The data ▸
---*---
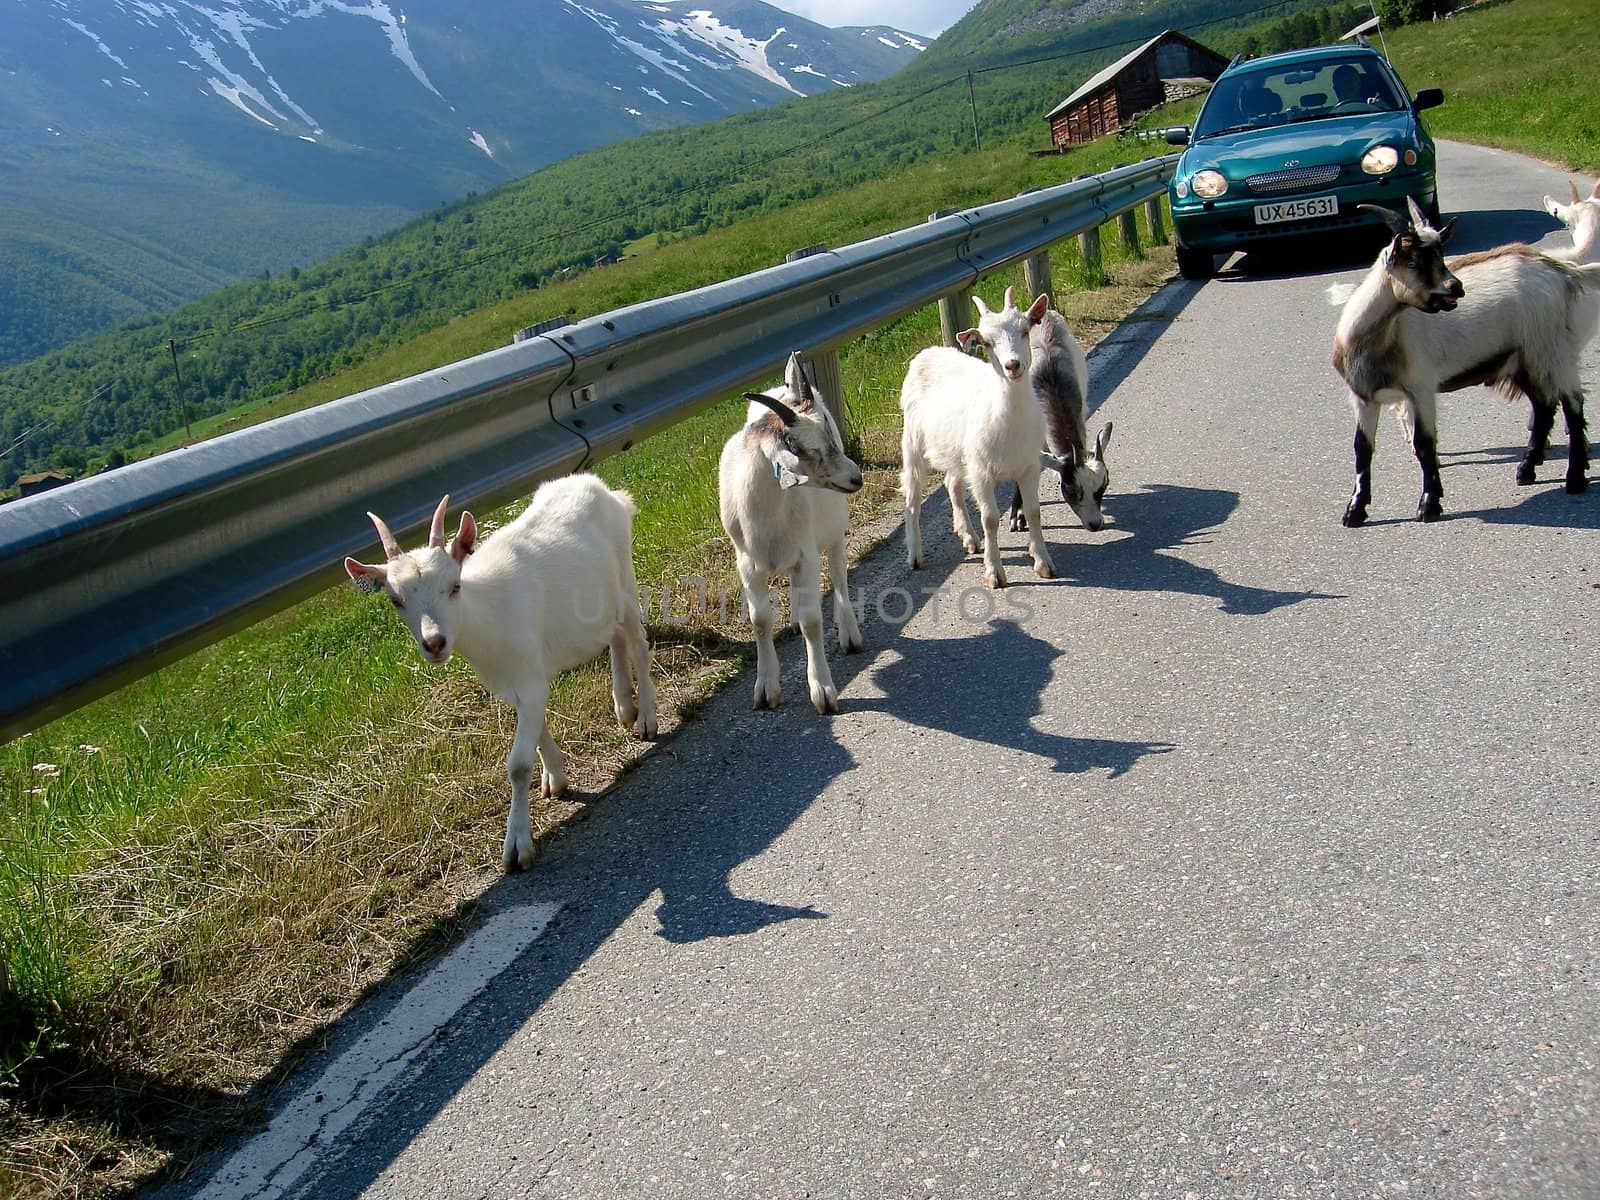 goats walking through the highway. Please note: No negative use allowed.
---*---
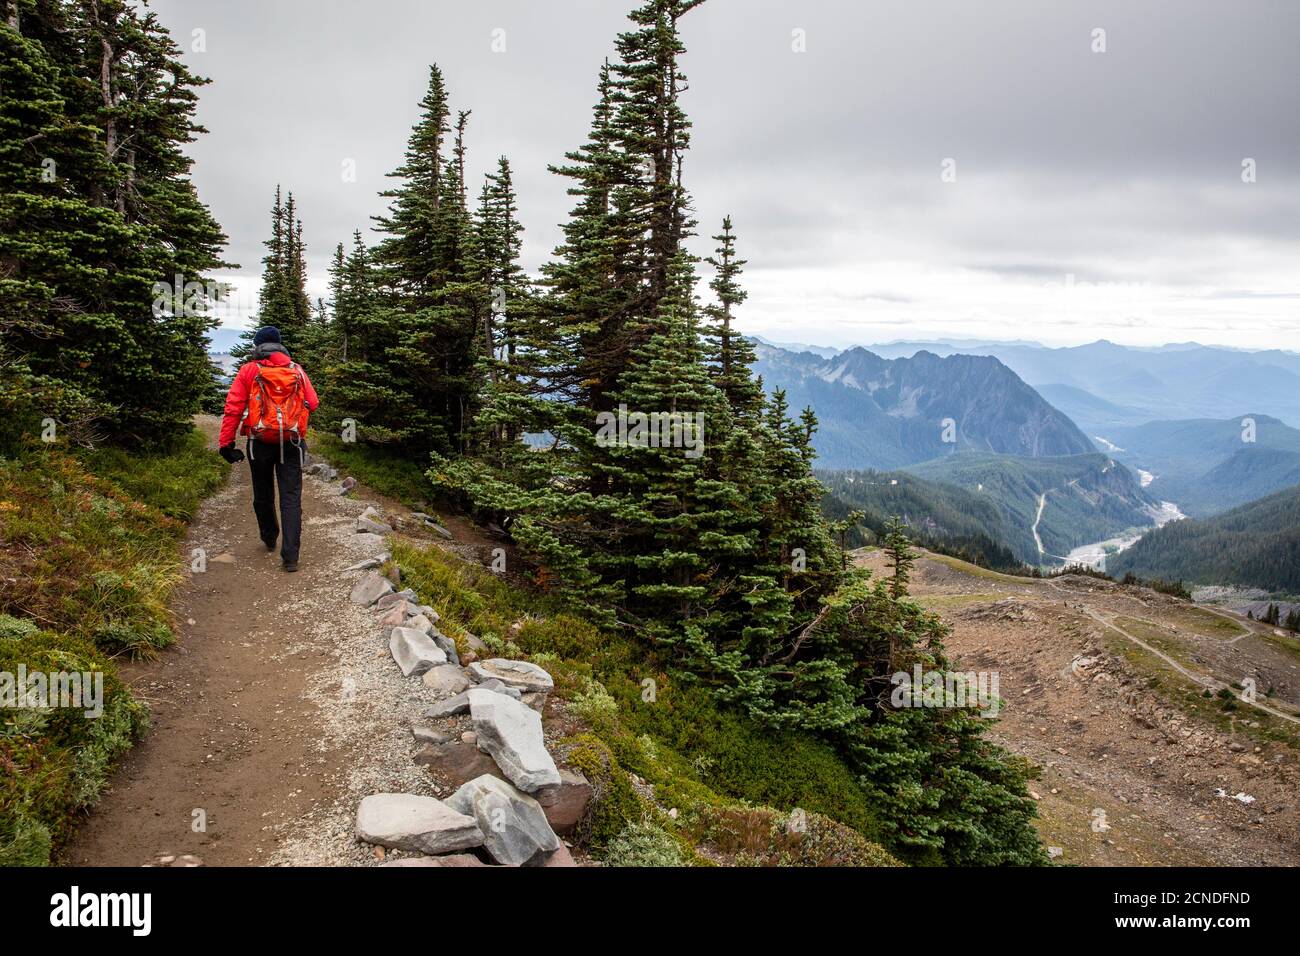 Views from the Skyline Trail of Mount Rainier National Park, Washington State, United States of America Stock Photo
---*---
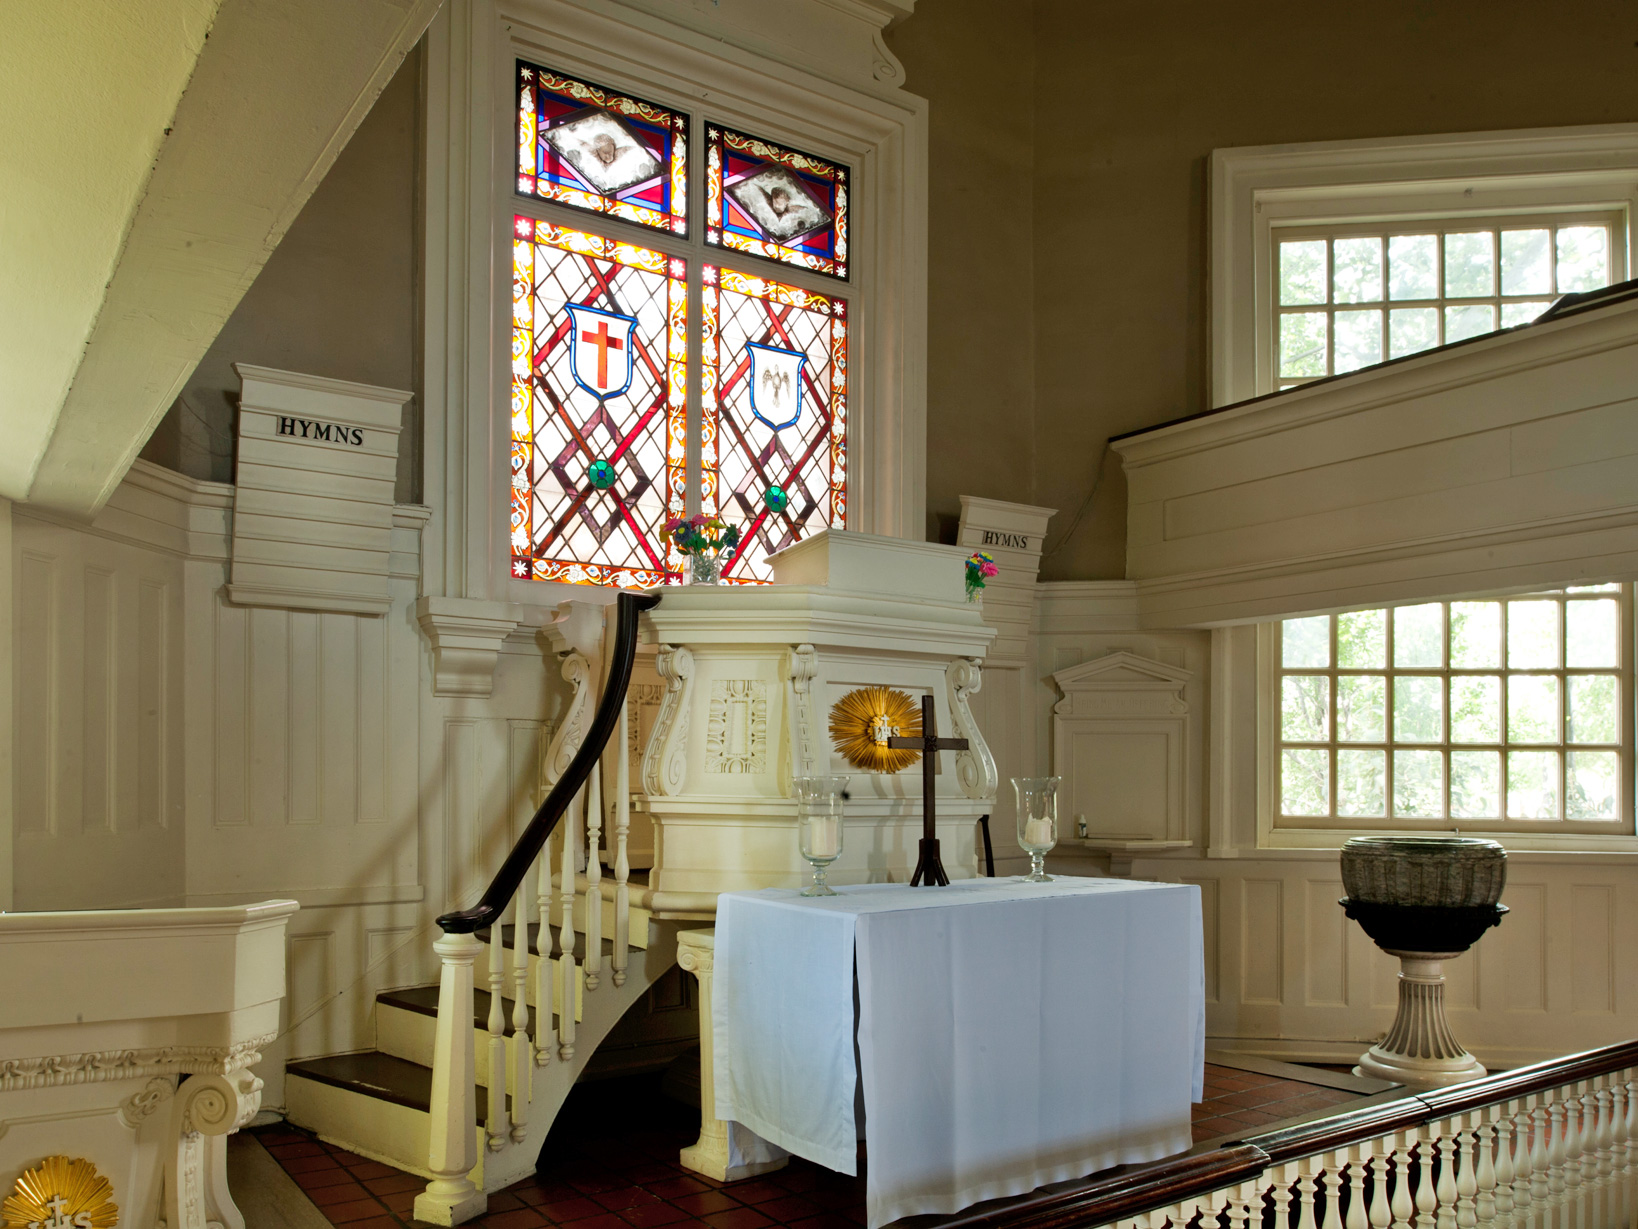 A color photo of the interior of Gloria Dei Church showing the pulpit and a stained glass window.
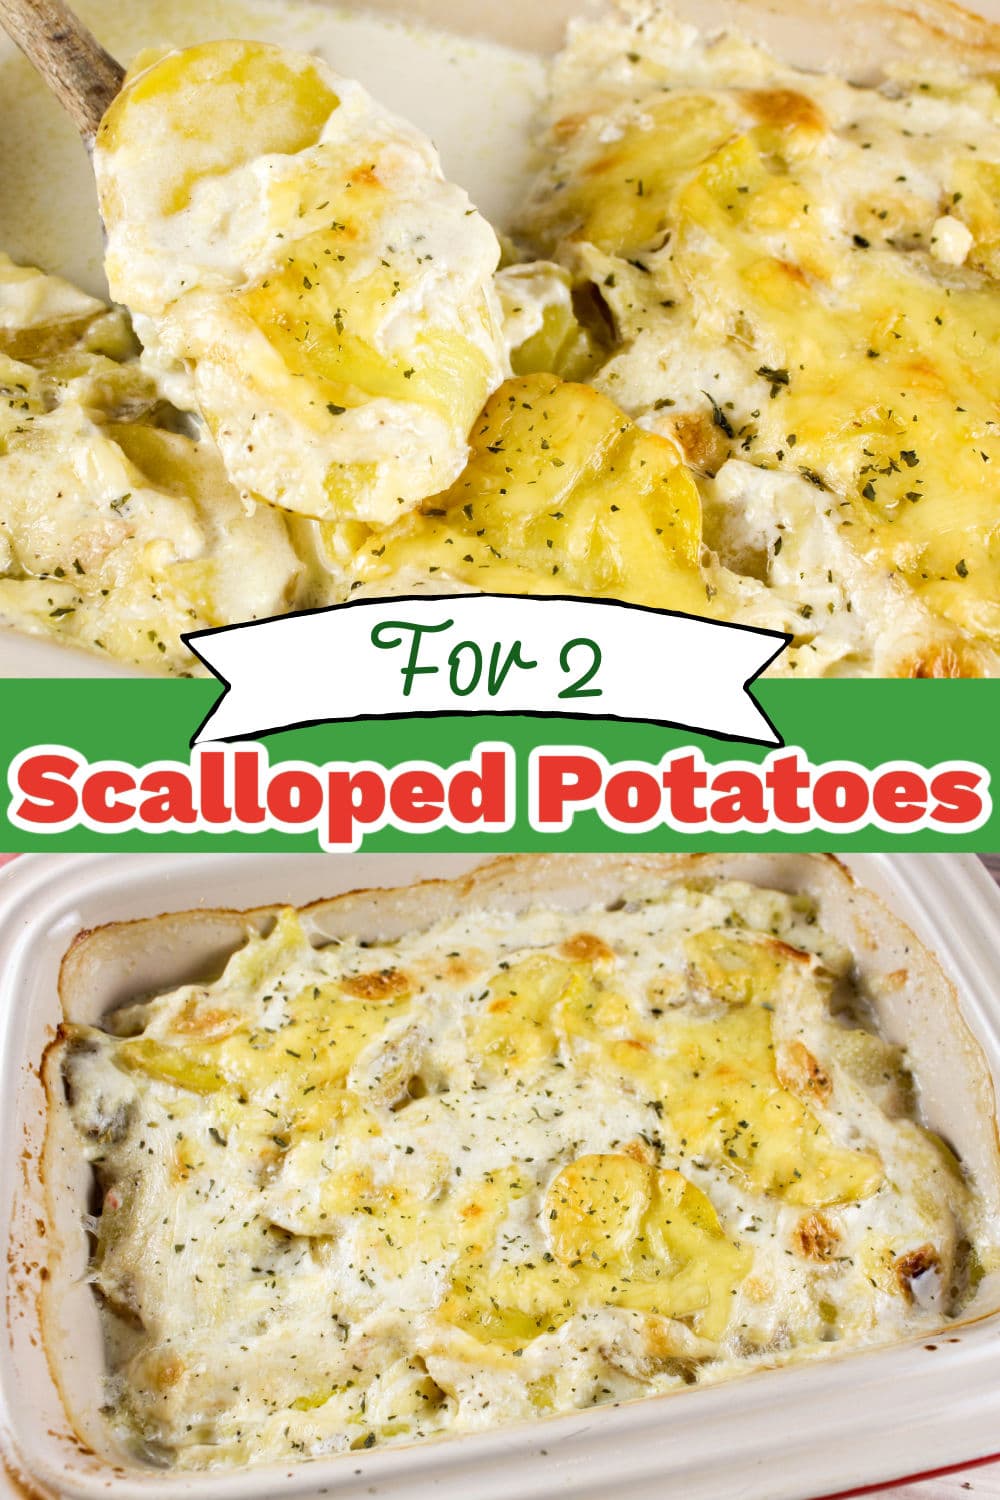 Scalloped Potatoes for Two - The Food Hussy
---*---
Task requirements ▸
Please repeat, exactly as written, the lines in the records above, starting with the one that has "A color photo" and going on through the one that has "Scalloped Potatoes for Two - The Food Hussy". Pictures are to be left out.

Task response ▸
 A color photo of the interior of Gloria Dei Church showing the pulpit and a stained glass window.
 Scalloped Potatoes for Two - The Food Hussy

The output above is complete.